Le sort réservé aux personnes âgées me touche davantage qu’il y a quelques années. Loin d’être sage, j’ai peut-être tranquillement compris que la dignité est essentielle à toutes les étapes de la vie, et ce jusqu’à son stade ultime, inévitable. 

N’ayant jamais été auparavant placé face aux soins palliatifs, je n’avais jamais saisi toute la différence qu’ils peuvent faire. 

J’ai pu voir toute la définition de la palliation dans les soins que ma grand-mère a reçu dans ses moments de souffrance. J’ai vu un jour dans son visage un rictus douloureux que je n’aurais pu imaginer, et le lendemain un visage calme, détendu, souriant et affectueux, qui avait bercé mon enfance et dans lequel je retrouvais certains de mes traits. 

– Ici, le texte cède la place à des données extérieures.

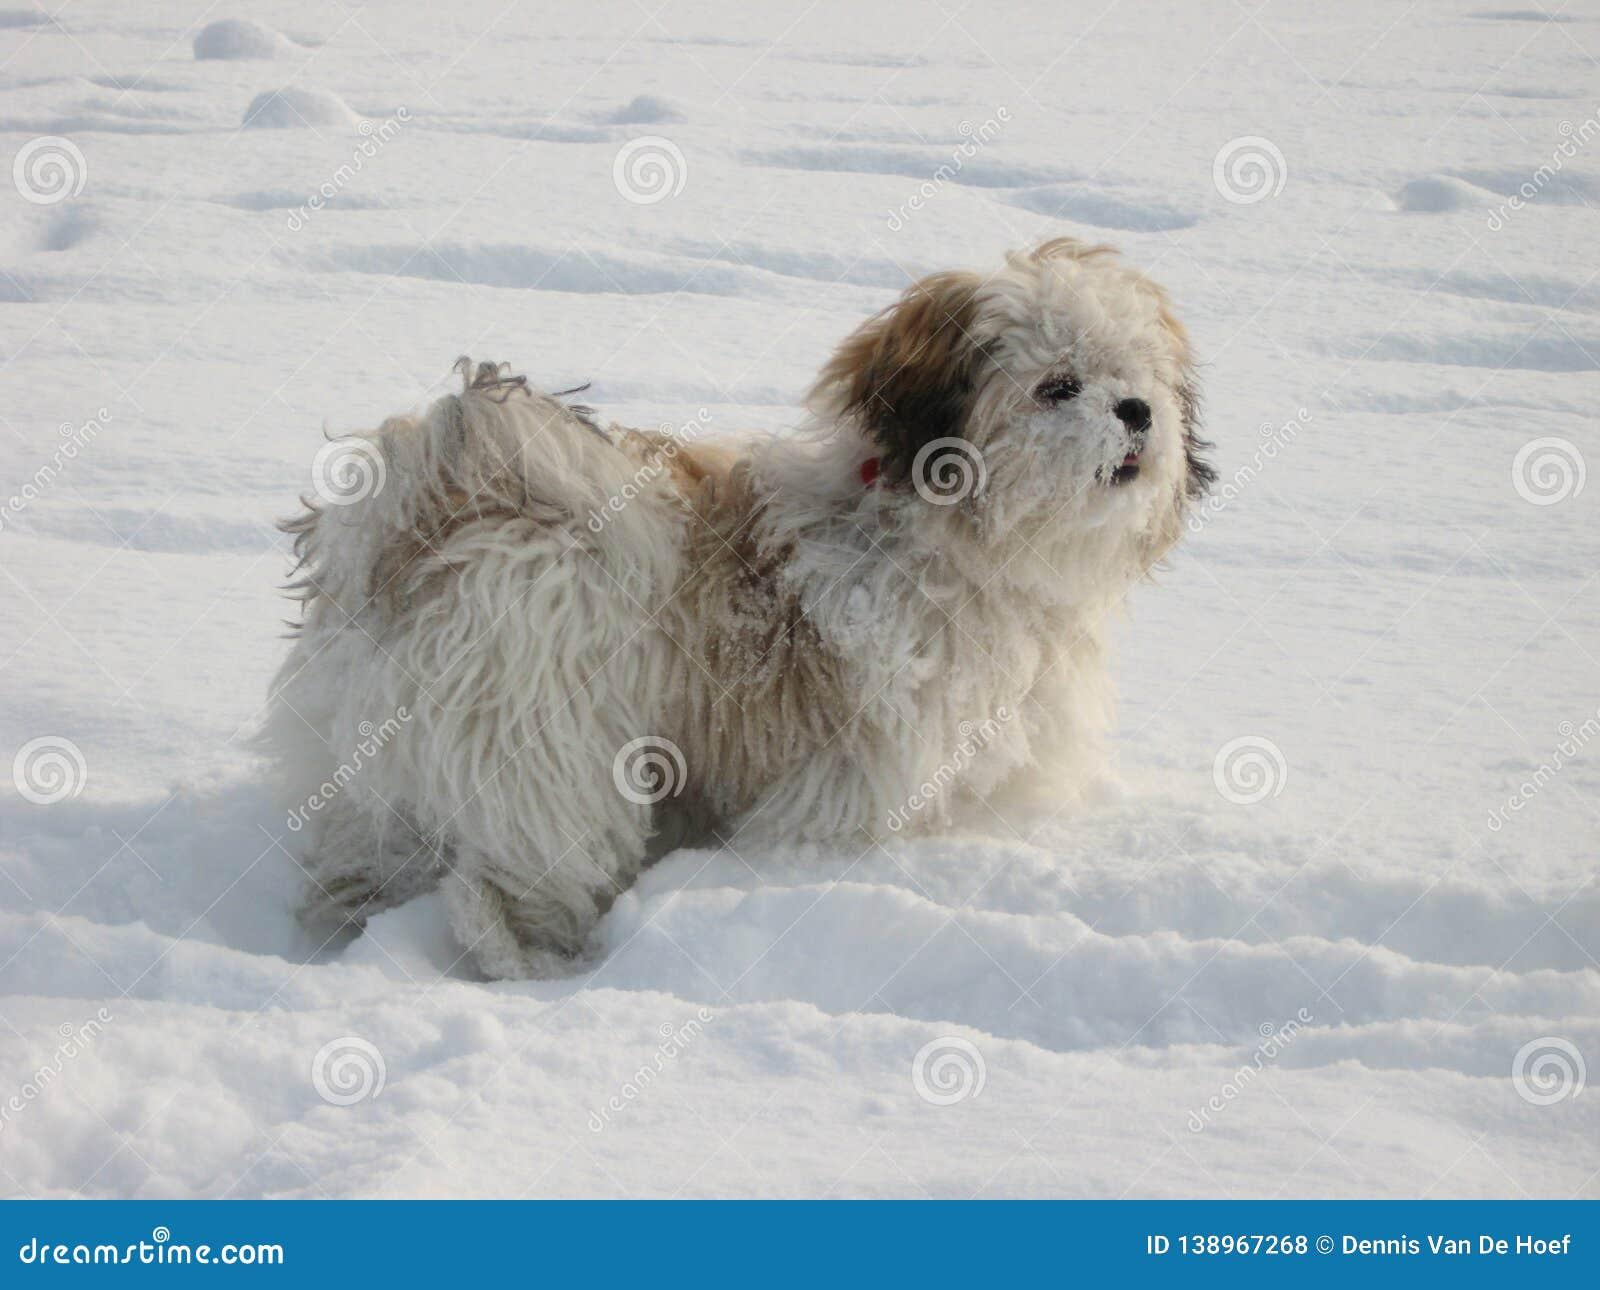 Shih tzu in the snow.
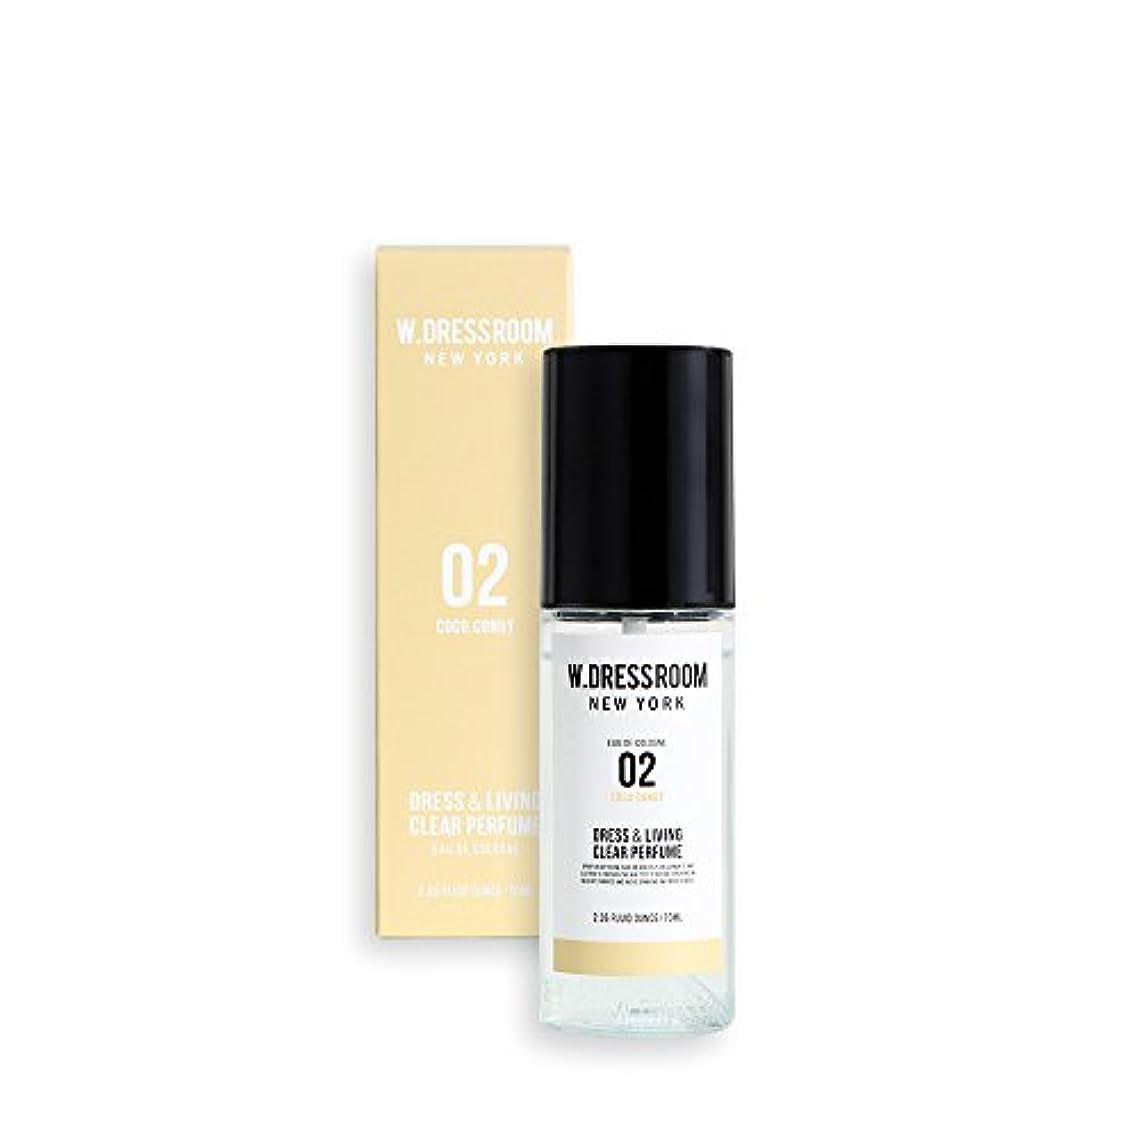 復讐遊具ペルセウスW.DRESSROOM Dress & Living Clear Perfume 70ml/ダブルドレスルーム ドレス&リビング クリア パフューム 70ml (#No.02 Coco Conut) [並行輸入品]

« Je veux partir, ça fait trop mal »

C’était son temps, et après une vie à penser aux autres le plus beau geste d’amour était de comprendre qu’il était temps qu’elle pense à elle. Au-delà de mots comme curatif et palliatif, c’est l’humanité de la médecine qui émergeait. 

Il est temps de redonner ses lettres de noblesse aux soins de fin de vie, afin de soulager au meilleur de notre pouvoir à la douleur que vivent malades et familles, la dignité ne peut plus être une considération secondaire. 


Les bons souvenirs

Je ne peux pas me mettre à la place de ceux et celles qui ont perdu un être cher sans pouvoir leur dire au-revoir. Un nuage sombre a empêché votre soleil de briller, un ciel voilé qu’aucun arc-en-ciel ne pourra venir éclairer. Ce deuil laissera des traces pour plusieurs, le deuil d’une personne mais aussi le deuil d’un souvenir. Je souhaite de tout cœur que vos souvenirs ne seront pas entachés par une finalité malheureuse, un aléas du destin. 

Le but de cette lettre n’est pas de causer l’émoi ou la tristesse, mais de vous partager un peu d’humanité et de soutien, si le cœur vous en dit d’en recevoir.   

Je me souviendrai que ma grand-mère a bien vécu, et je souhaite de tout cœur que vous vous souviendrez en souriant de ceux qui ont bien vécu.